Assign calculator object to every structure in the structures set.

Parameters:

calc: Calculator object

set_property_values(property_name='total_energy', property_vals=[], update_json_db=True)

Set property values

Set the property values.

If a folders’ json-database (as created by StructuresSet.write_files()) exists, it is updated.

Parameters:

property_name: string

Name of the property

property_vals: array

Array of property values

update_json_db: Boolean (default:True)

Whether to update the json database file (in case one is attached to the sset instance).

set_property_values_from_files(property_name='property', property_file_name='property.dat', cwd='./')

Set property values read from files

Consider a StructuresSet oject named sset.

The list of folders sset.get_folders() is iterated and the value stored in the file named property_file_name is parsed and assigned to the corresponding sample in the sset. The name of the property is property_name and can be recovered by calling sset.get_property_values(property_name).

If an associated json database exists, it is updated with the new property.

Parameters:

property_name: string

The name used to label the property in the structures set. This label is then listed in sset.get_property_names() and the property values for this label can be obtained by calling sset.get_property_values(property_name)

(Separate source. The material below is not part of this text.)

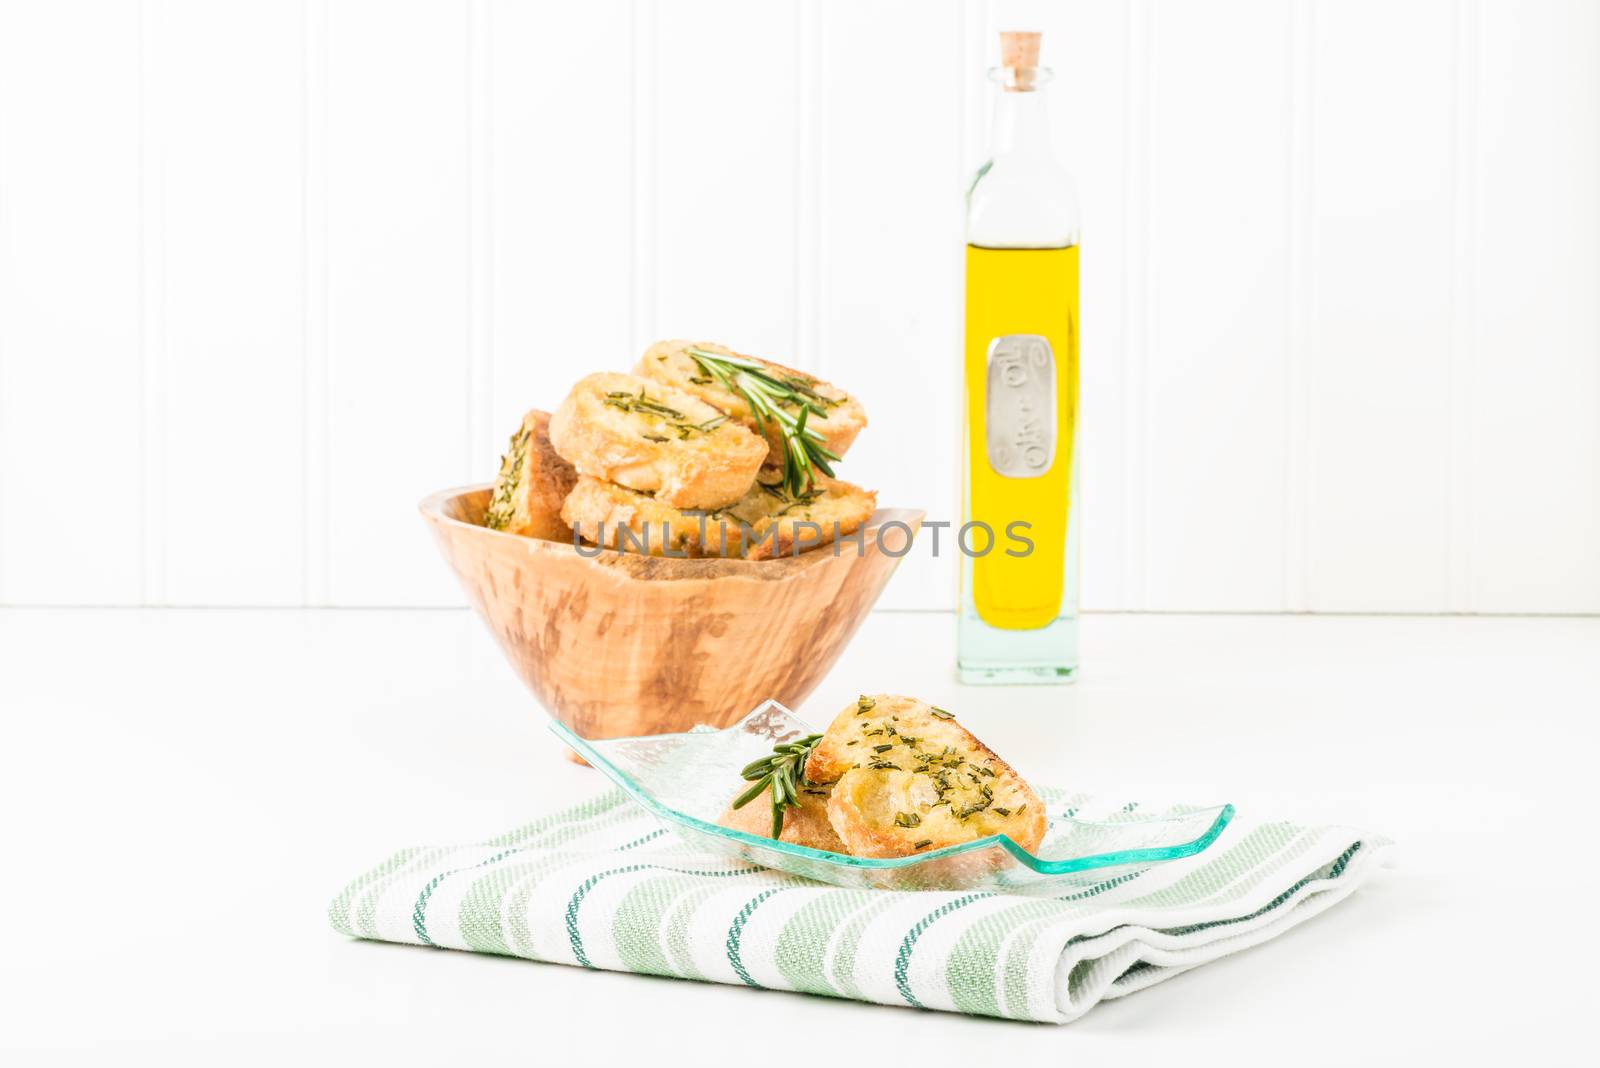 Rosemary Crostini and Olive Oil by billberryphotography

property_file_name: string

In every folder of the list sset.get_folders() there must be a file named property_file_name containing a real number with the value of the property

write_input_files(root='.', prefix='', suffix='', fnames=None, formats=[], overwrite=True, rm_vac=False)

Create folders containing structure input files for ab-initio calculations.

Structure files are written to files with path:

[[root] /] [prefix] id [suffix] / [filename]

Where root, prefix, suffix, and filename are explained below, and id + 1 is the structure id in a created JSON database with path:

[[root] /] [prefix]id0-idN[suffix] . json

where id0 and idN are the smallest and largest id indices. The path of the created folders are stored in the json-database created by StructuresSet.write_files(), under, for instance:

{
...
"key_value_pairs": {"folder": "./random_strs-14"},
...
}

Parameters:

root: String

path to the root folder containing the set of created folders

prefix: String

prefix for name of folder containing the files

suffix: String

suffix for name of folder containing the files

fnames: array of Strings

Array of file names for files contaning the structure. If not set defaults to geometry.json.

formats: array of Strings, optional

Array of file formats corresponding to the file names in fnames. Possible formats are listed in ase.io.write. If entirely ommited, or if an element of the array is None, the format is guessed from the corresponding file name.

overwrite: boolean

Whether to overrite content of existing folders.

remove_vacancies: Boolean

Vacancies are represented with chemical symbol X and atomic number 0. Output file formats will contain lines with atomic positions corresponding to vacancies. If you want them absent in the files, set remove_vacancies to True.